Preparation for the arrival of the pig at the remote valve station involves resetting the pig signal and closing the remote valve (FV) to avoid the possibility of liquid entering the loop line. As the pig passes the valve station, the pig sensor automatically opens the valve. The statuses of both the pig sensor and the remote valve are transmitted by telemetry to the control room.

Processing the liquid slug ahead of the pig is handled automatically in the following manner:

The vessel level controller (LIC) is set to control level at 50%. Increasing output opens FCV-1 and closes FCV-2. When output from the level controller is 50%, both FCV-1 and FCV-2 are fully open.

The LIC is backed up by a high level trip (LAHH) which, at 80% level in the vessel, sets the output from the LIC to 100%. This fully closes the gas outlet from the vessel (FCV-2) and fully opens the loop line (FCV-1).

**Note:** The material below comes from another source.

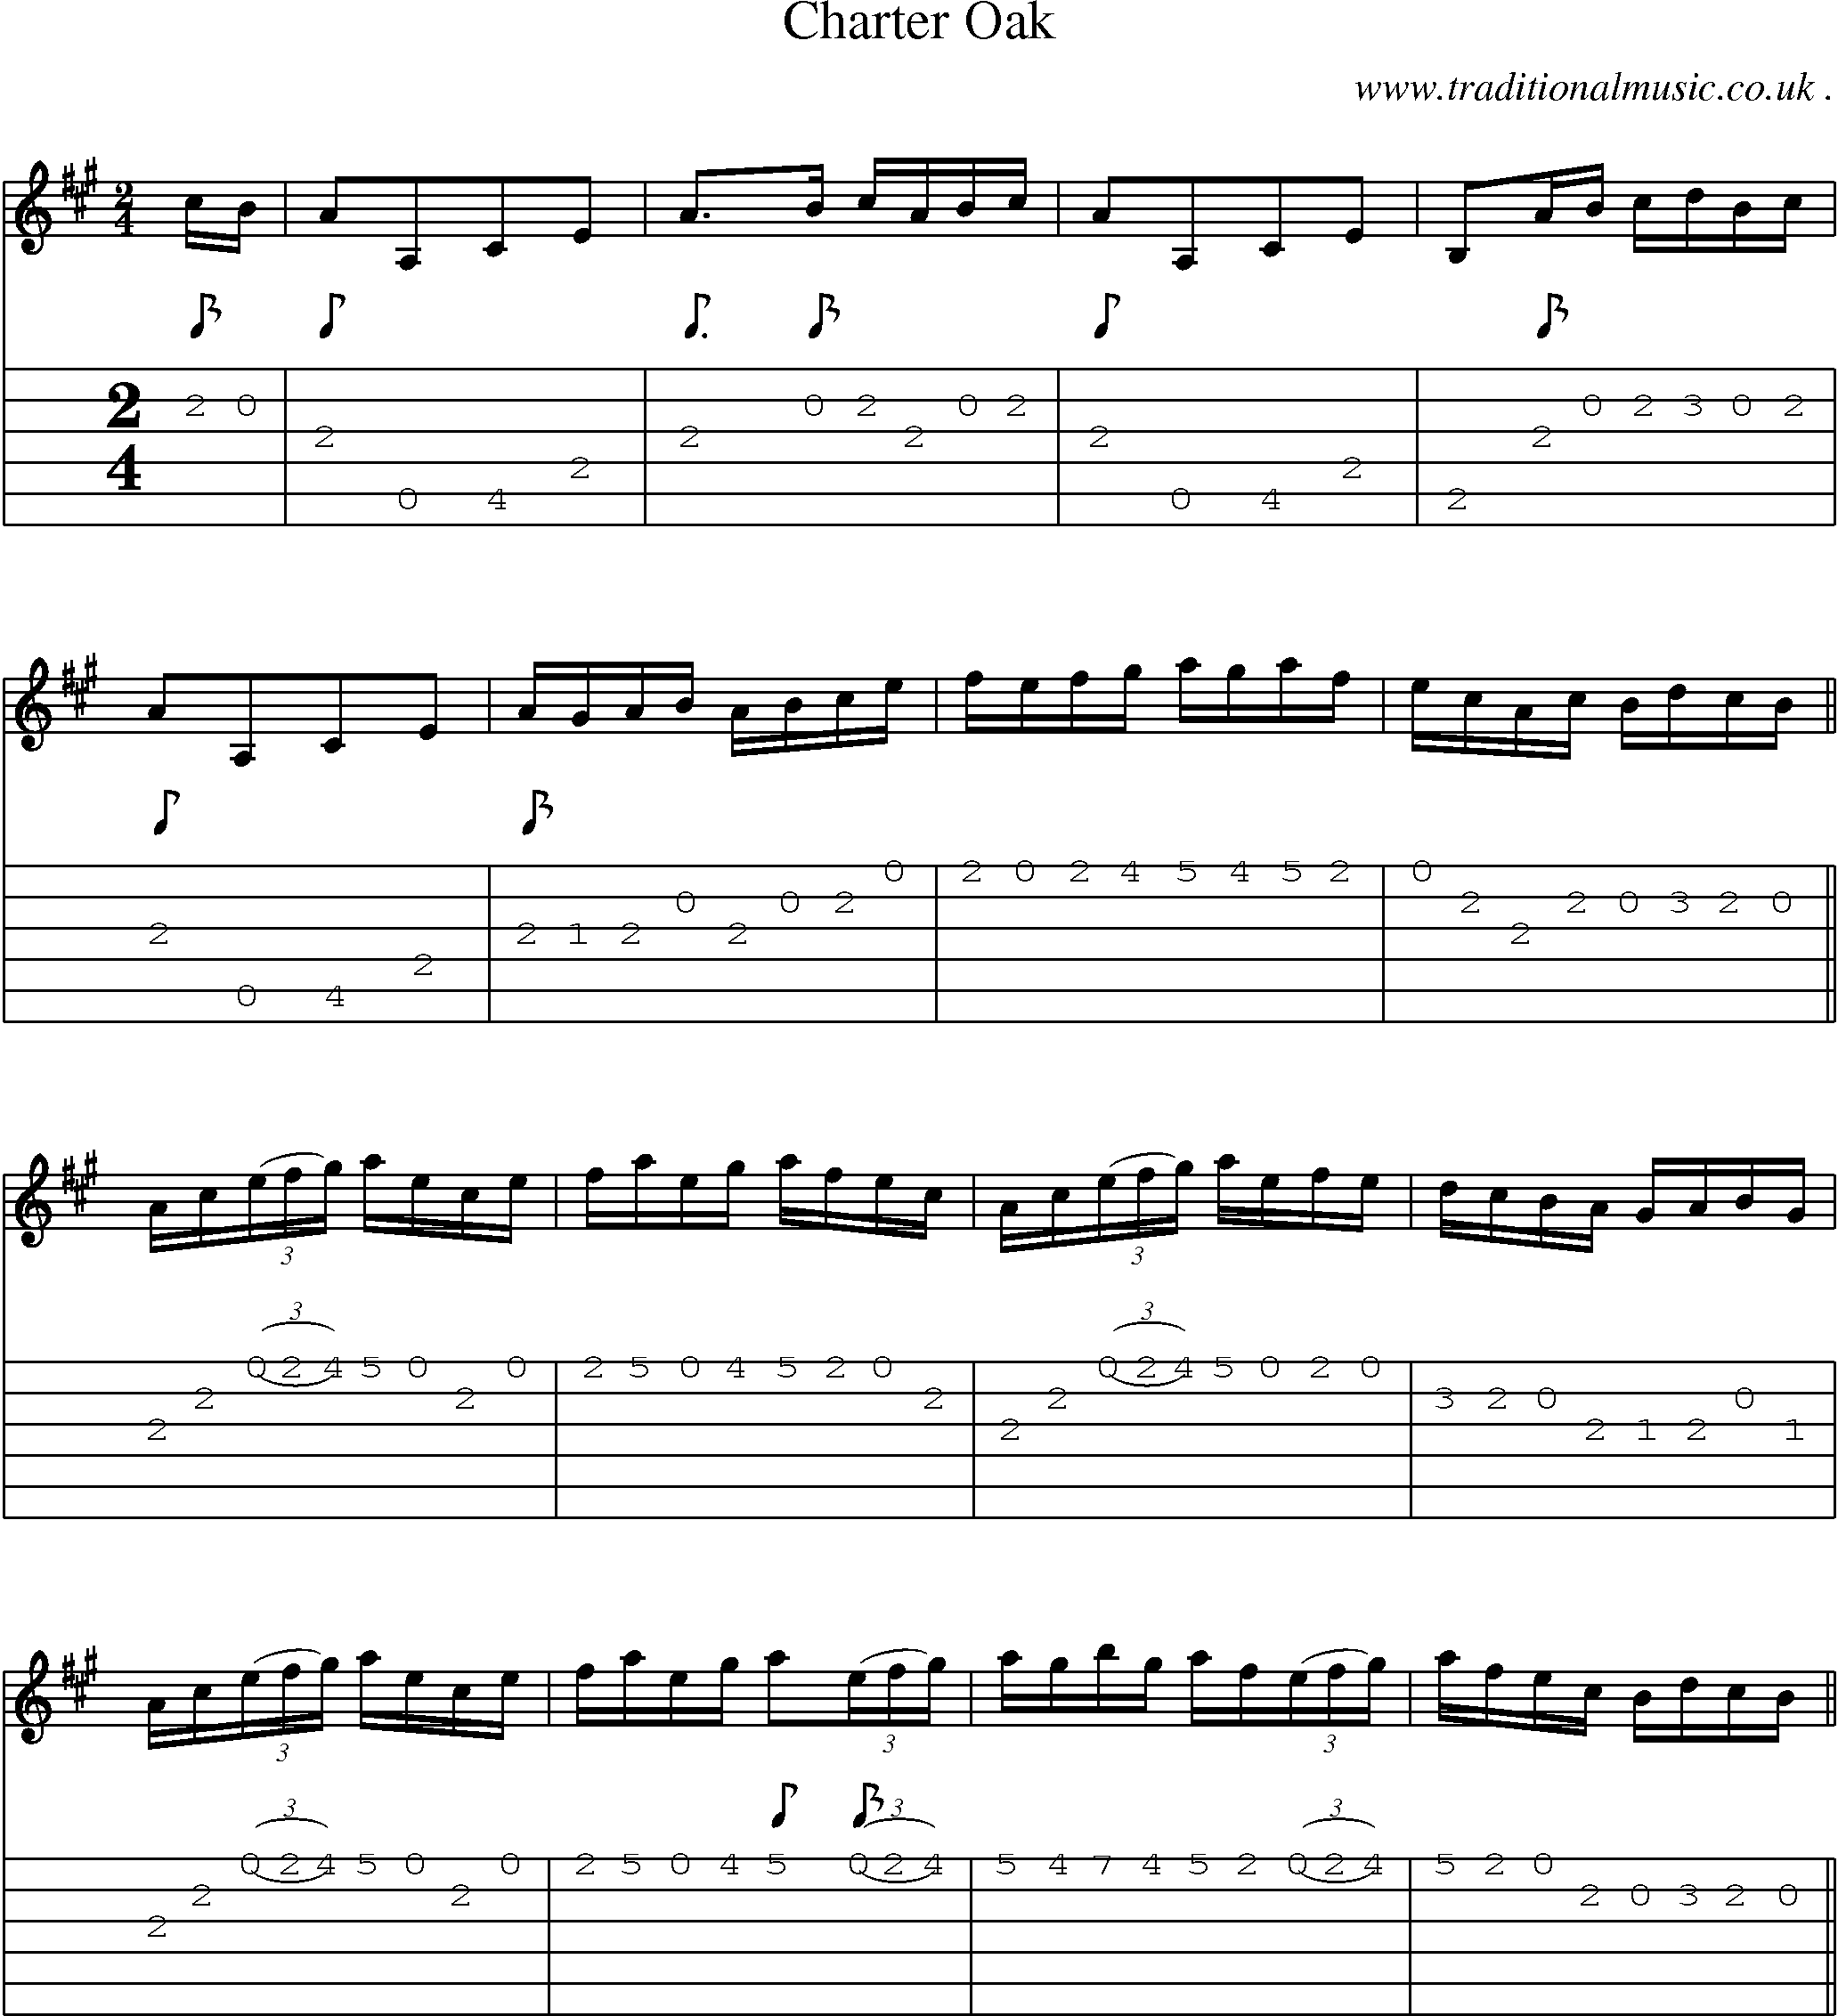 Sheet-Music and Guitar Tabs for Charter Oak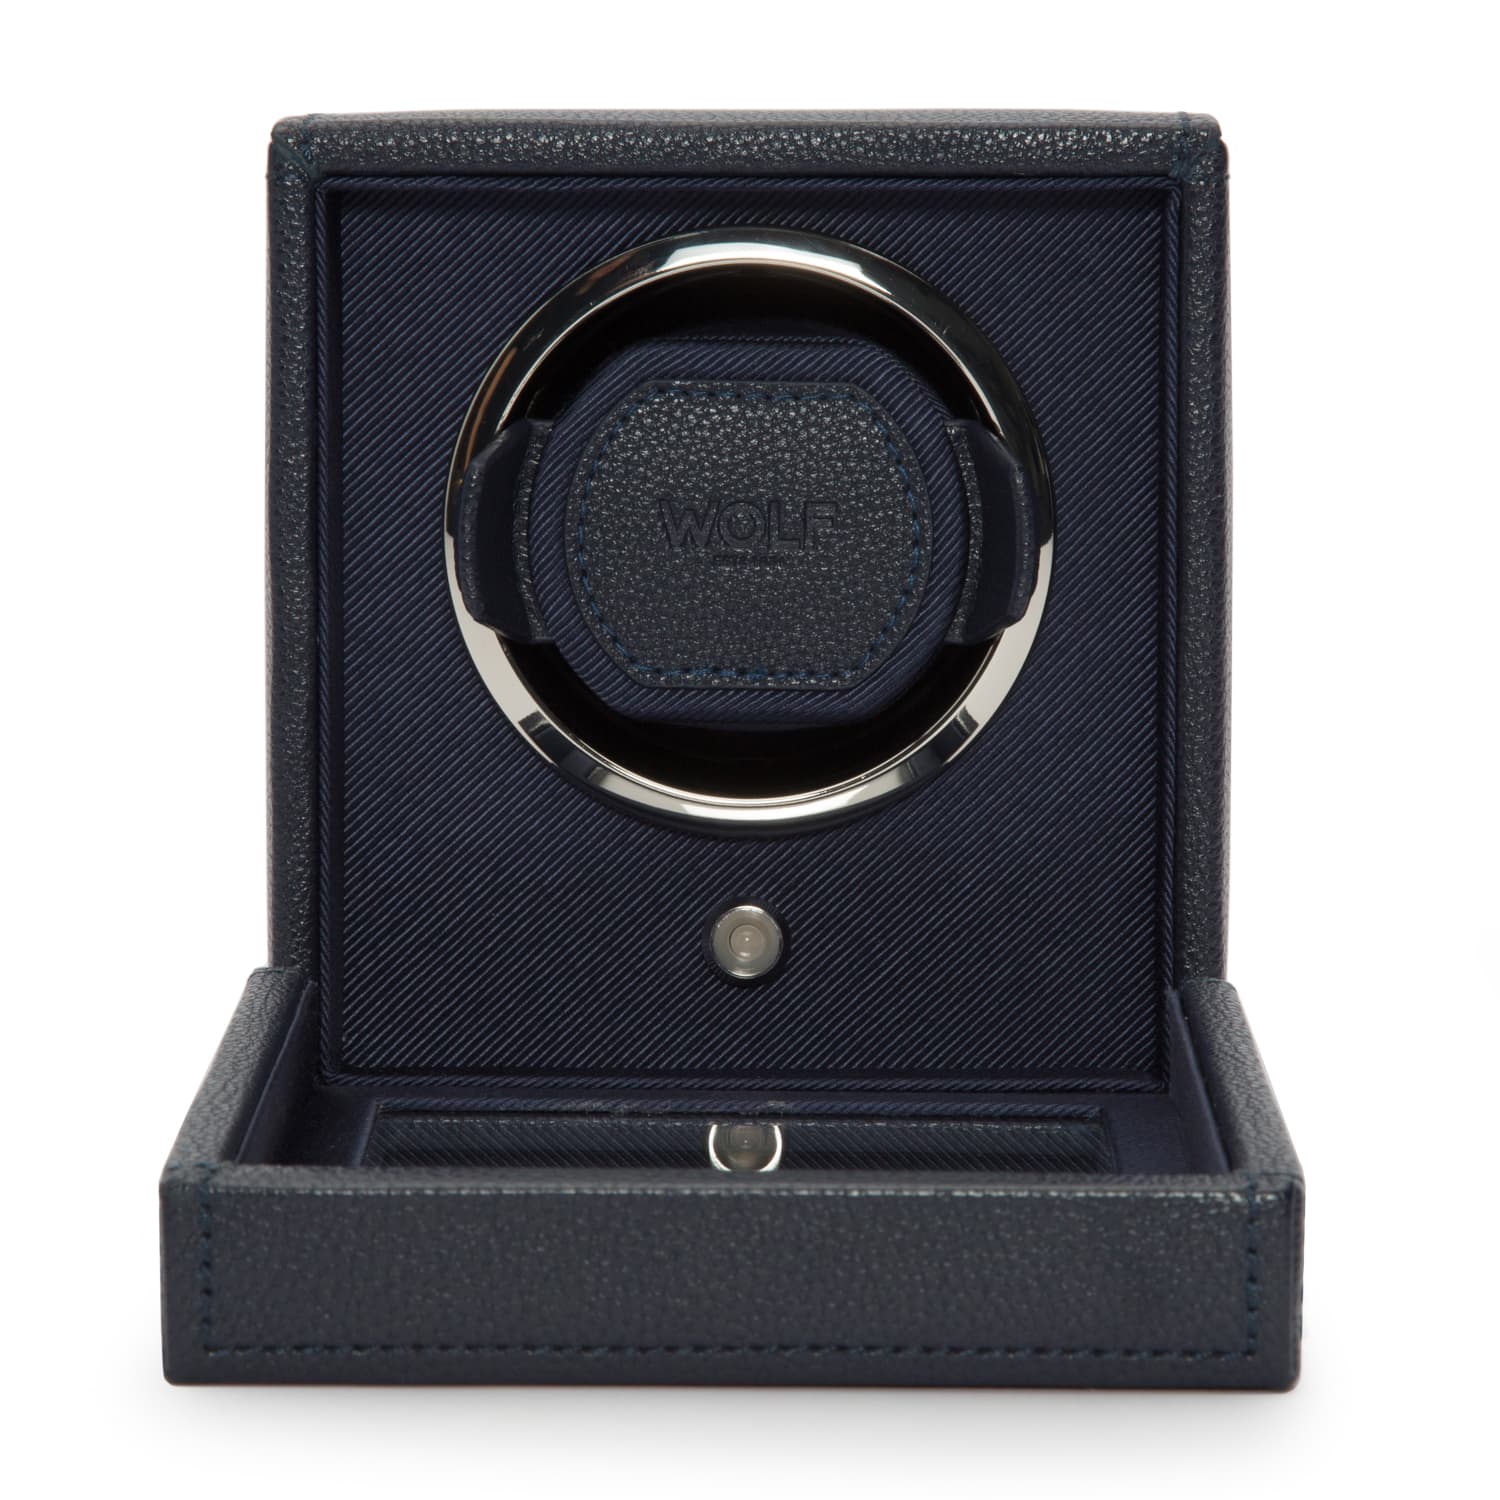 Wolf-Cub-Single-Watch-Winder-with-Cover-Navy-461117-2

An interlock holds the LIC and LAHH output at zero until a telemetry signal is received, indicating that a pig has passed the pig sensor and the remote valve (FV) has opened.

The control-room operator sets liquid flow into the plant on the flow controller (FIC) at a rate suitable for smooth plant operation. The level controller (LIC) splits incoming pipeline flow between the loop line and pigged line to keep liquid arriving at the preset rate.

Under these conditions, the pig arrives in the plant trap 24-48 hr after passing the loop-line valve station.

The arrival of the pig in the plant trap is indicated by a fall in the vessel's liquid level and the level controller (LIC) closing off the loop line completely. Any corrosion sludge which sometimes accompanies the pig's arrival must be manually drained to a mud tank from the vessel's bottom drain.

Operational flexibility was recently demonstrated when the plant was unable to deliver LPG due to lack of customer storage capacity. Several hours after a pig was launched at Silver Springs into the raw-gas pipeline, the LPG purchaser advised LPG takes were curtailed.

The plant staff merely opened the loop line 100% after the pig had passed by the tie-in point. A large slug was held in the last section of main line for several days until LPG takes resumed.

Because the gas behind the pig is liquid-free for several days, LPG production was delayed by the pigging operation.

WHAT'S BEEN LEARNED

This liquids handling design has been tried and proven for our particular line size and capacity. It could be scaled up and used on bigger projects, resulting in similar operational advantages.

Depending on local cost factors, considerable capital cost savings are possible.

If the loop line and main line are constructed simultaneously, as for a new development, costs will be further reduced.

Due to this system's simple hydraulics, normal slug-catcher piping design problems are eliminated. Safety is improved because the potentially hazardous condensate liquid is contained in a buried pipeline.

ACKNOWLEDGMENT

The authors wish to thank the joint-venture participants, Bridge Oil Ltd., Petroz NL, and AGL Petroleum, for their permission to publish this article.

We also wish to thank colleagues in the Bridge production department for their assistance and comments, particularly A. A. Young, R. D. Frith, J. C. Dowell, and T. J. Petersen.

REFERENCES

  1. Frith, R. D., "Performance of the Wallumbilla LPG plant," APEA Journal, Australian Petroleum Exploration Association Ltd., 1986, Vol. 26, Part 1, p. 485.

  2. Seymour, E. V., Craze, D. J., and Ruinen, W., "Designing Australia's North West Shelf offshore pipeline," OGJ, May 7, 1984, p. 128.

  3. Cunliffe, R. S., "Condensate flow in wet-gas lines can be predicted," OGJ, Oct. 30, 1978, p. 100.

  4. Huntly, A. R., and Silvester, R. S., "Hydrodynamic analysis aids slug catcher design," OGJ, Sept. 19, 1983, p. 95.

  5. Martin, R. E., "Handling liquids in offshore gas lines gets new approach," OGJ, Apr. 27, 1981, p. 143.

  6. Eaton, B. A., Andrews, D. E., Knowles, C. R., Silberberg, I. H., and Brown, K. E., "The Prediction of Flow Patterns, Liquid Holdup and Pressure Losses Occurring During Continuous Two-Phase Flow in Horizontal Pipelines," Journal of Petroleum Technology, June 1967, p. 815.